**INFORMATION SUPPLIED**:
•••
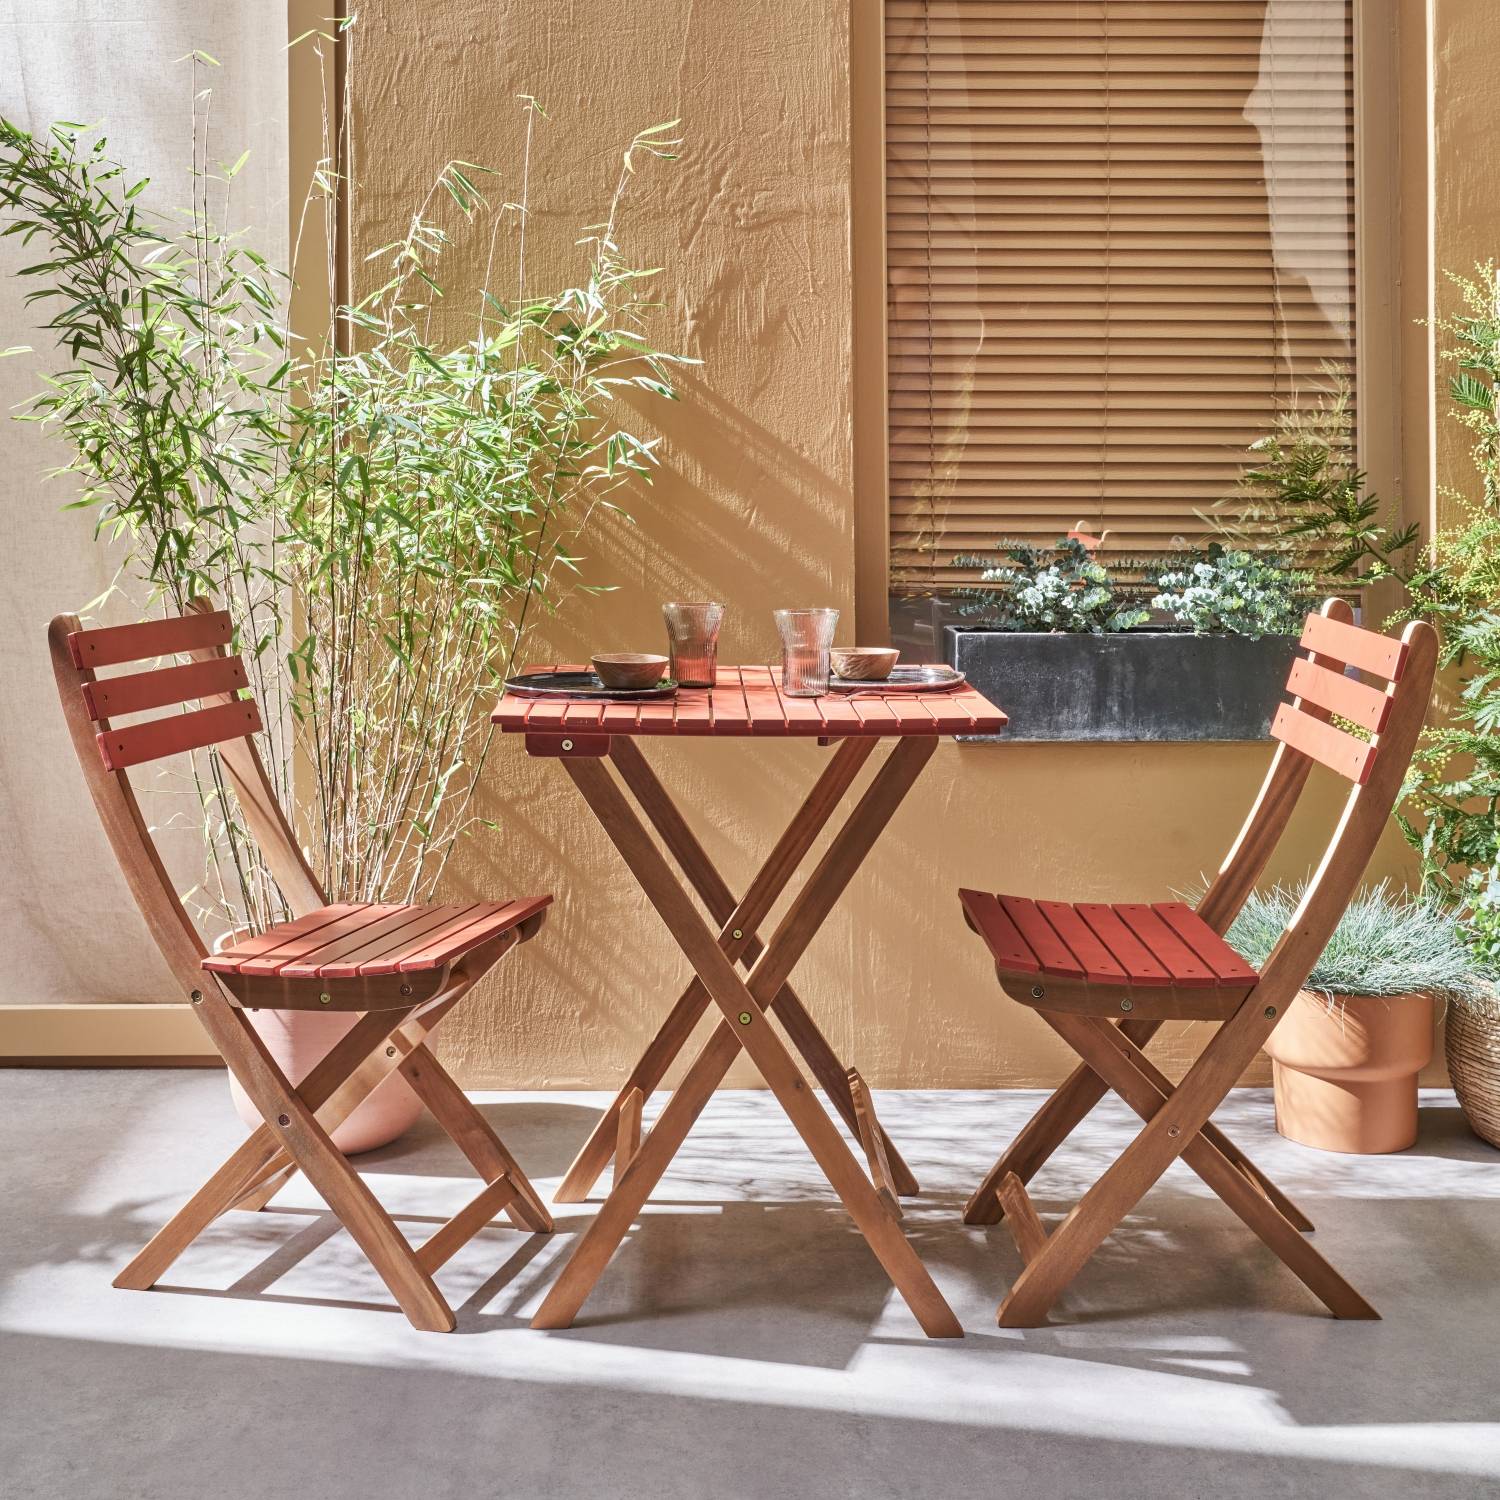 Conjunto de jardín de madera Bistro 60x60cm - Barcelona - terracota, mesa plegable cuadrada bicolor con 2 sillas plegables, acacia | sweeek
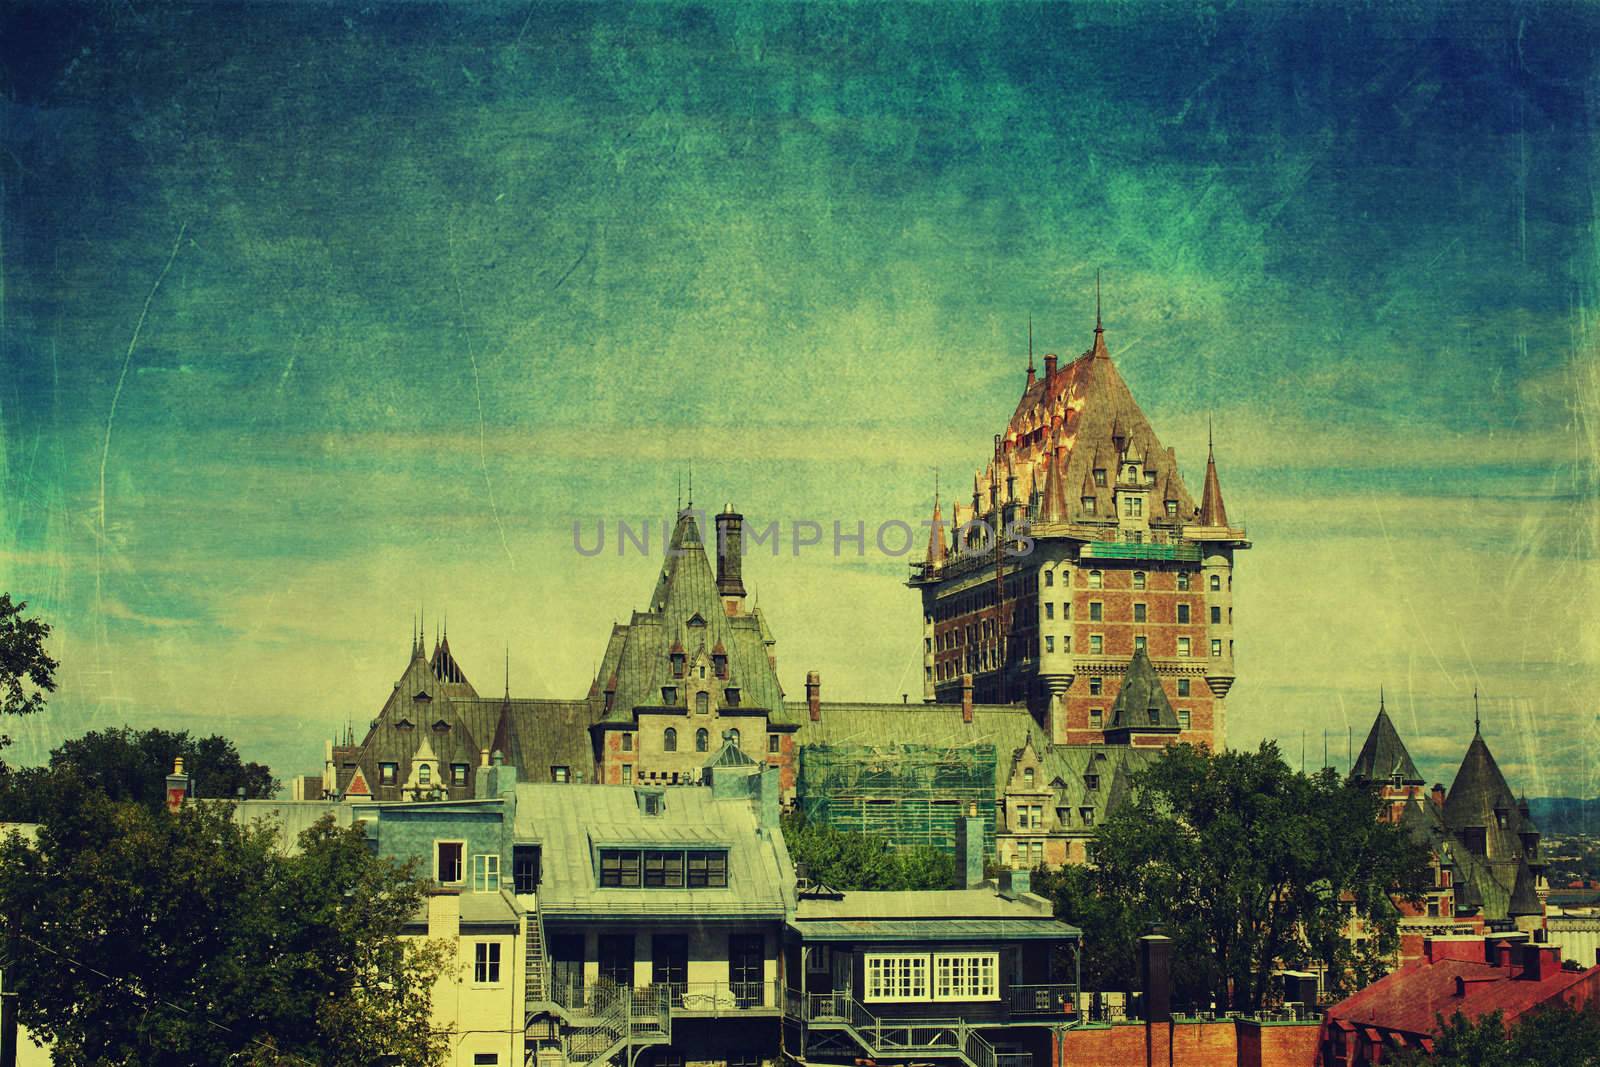 The ancient castle. Vintage by petrkurgan
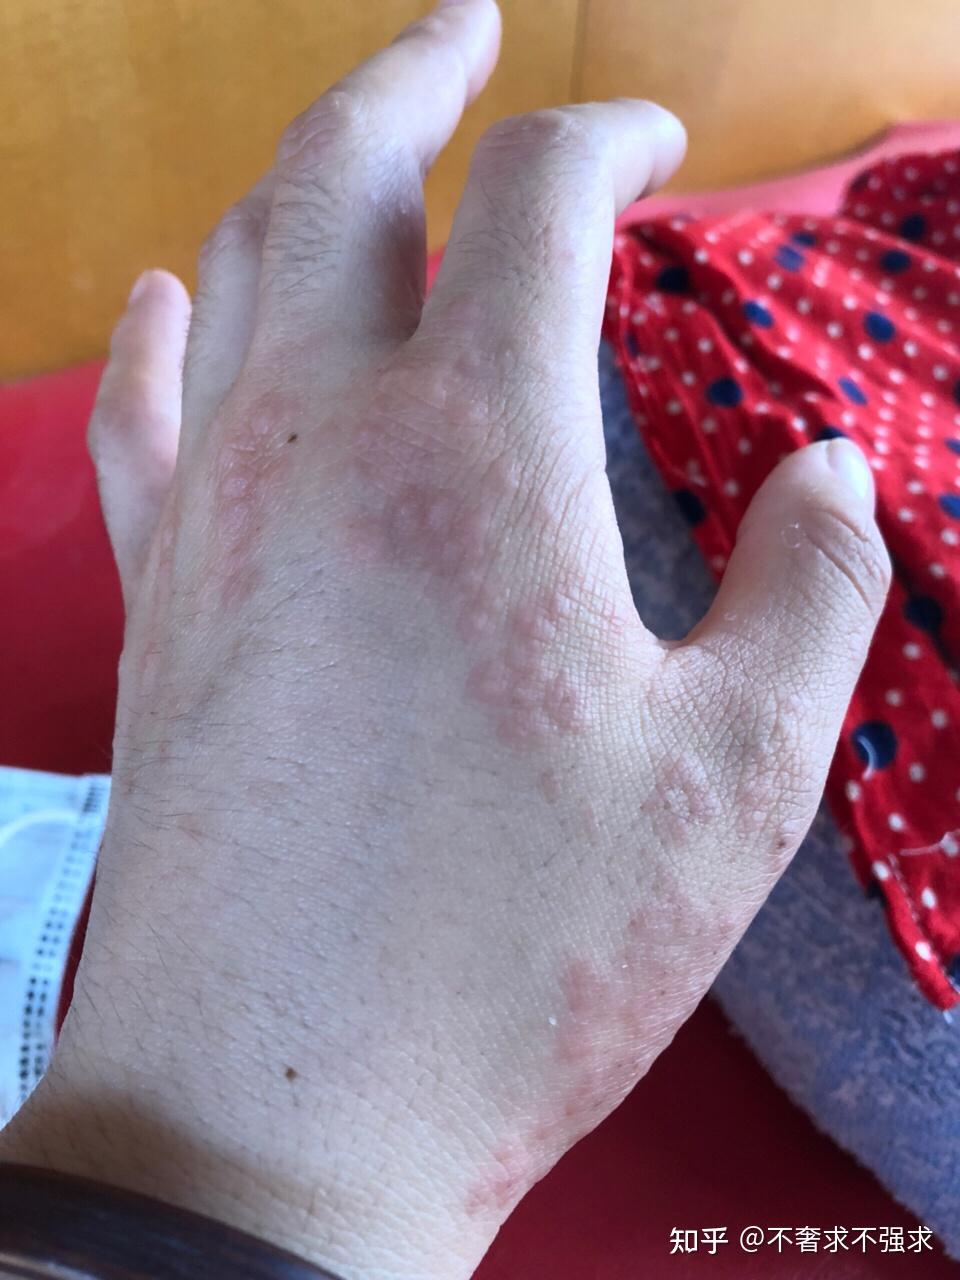 湿疹用什么药能治好不反复是长在手部的湿疹
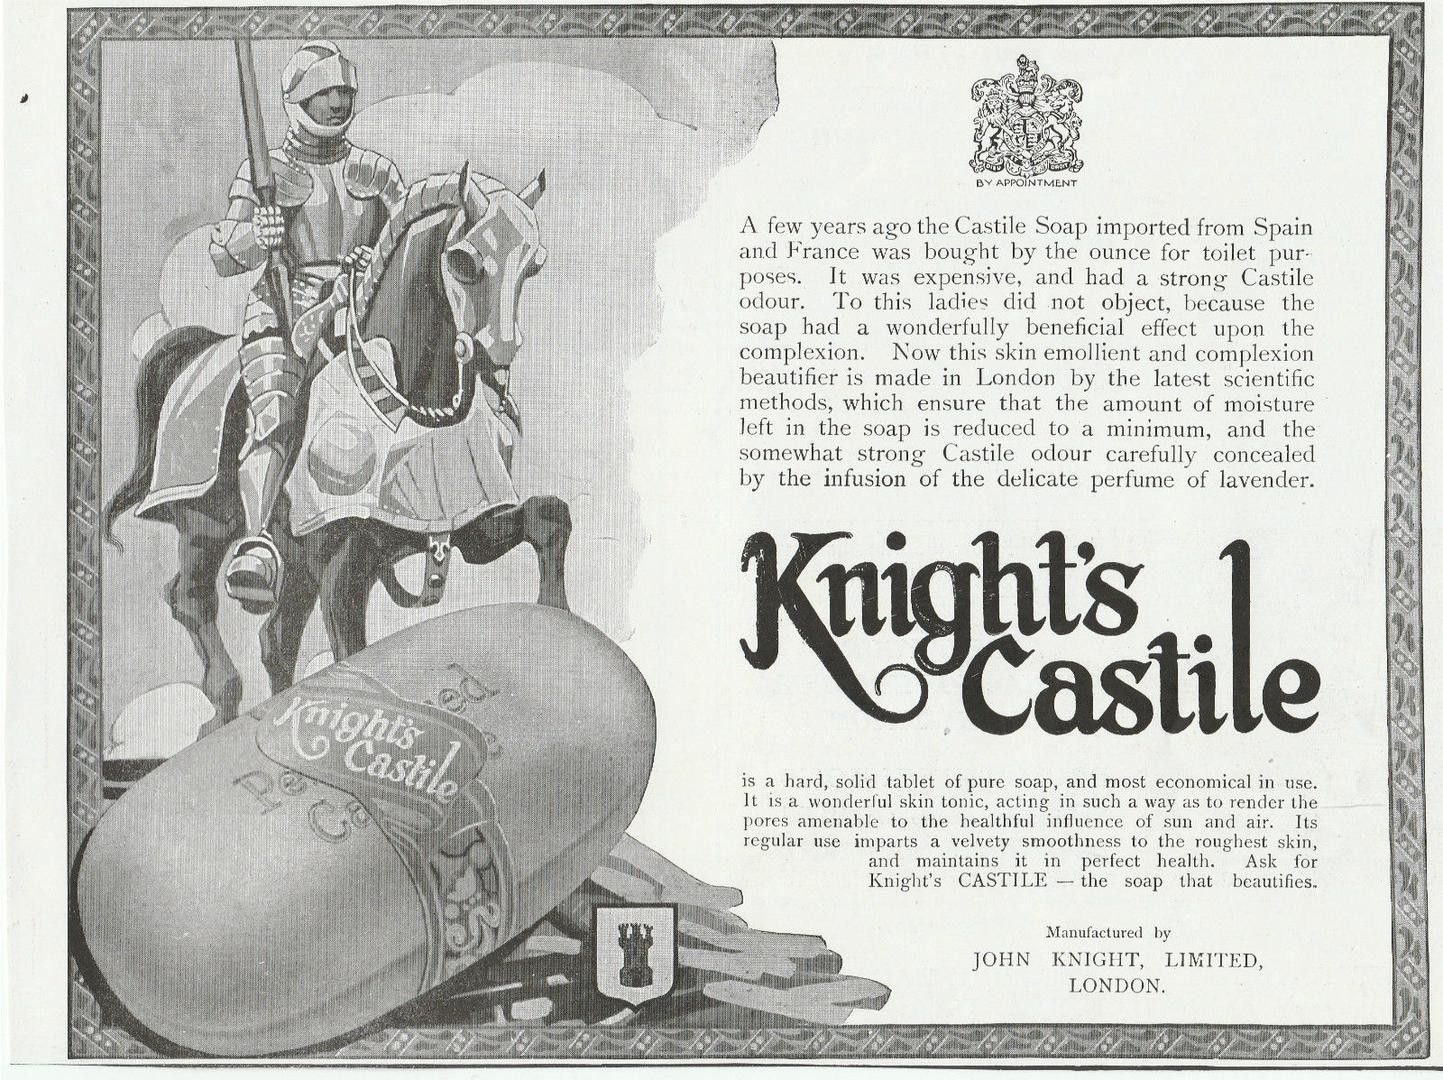 Knight's Castile Soap - print ad c1920
•••
**WORK TO BE COMPLETED**: With the pictures removed, return the listing above in its exact original wording.

**WRITTEN REPLY**:
 Conjunto de jardín de madera Bistro 60x60cm - Barcelona - terracota, mesa plegable cuadrada bicolor con 2 sillas plegables, acacia | sweeek
 The ancient castle. Vintage by petrkurgan
 湿疹用什么药能治好不反复是长在手部的湿疹
 Knight's Castile Soap - print ad c1920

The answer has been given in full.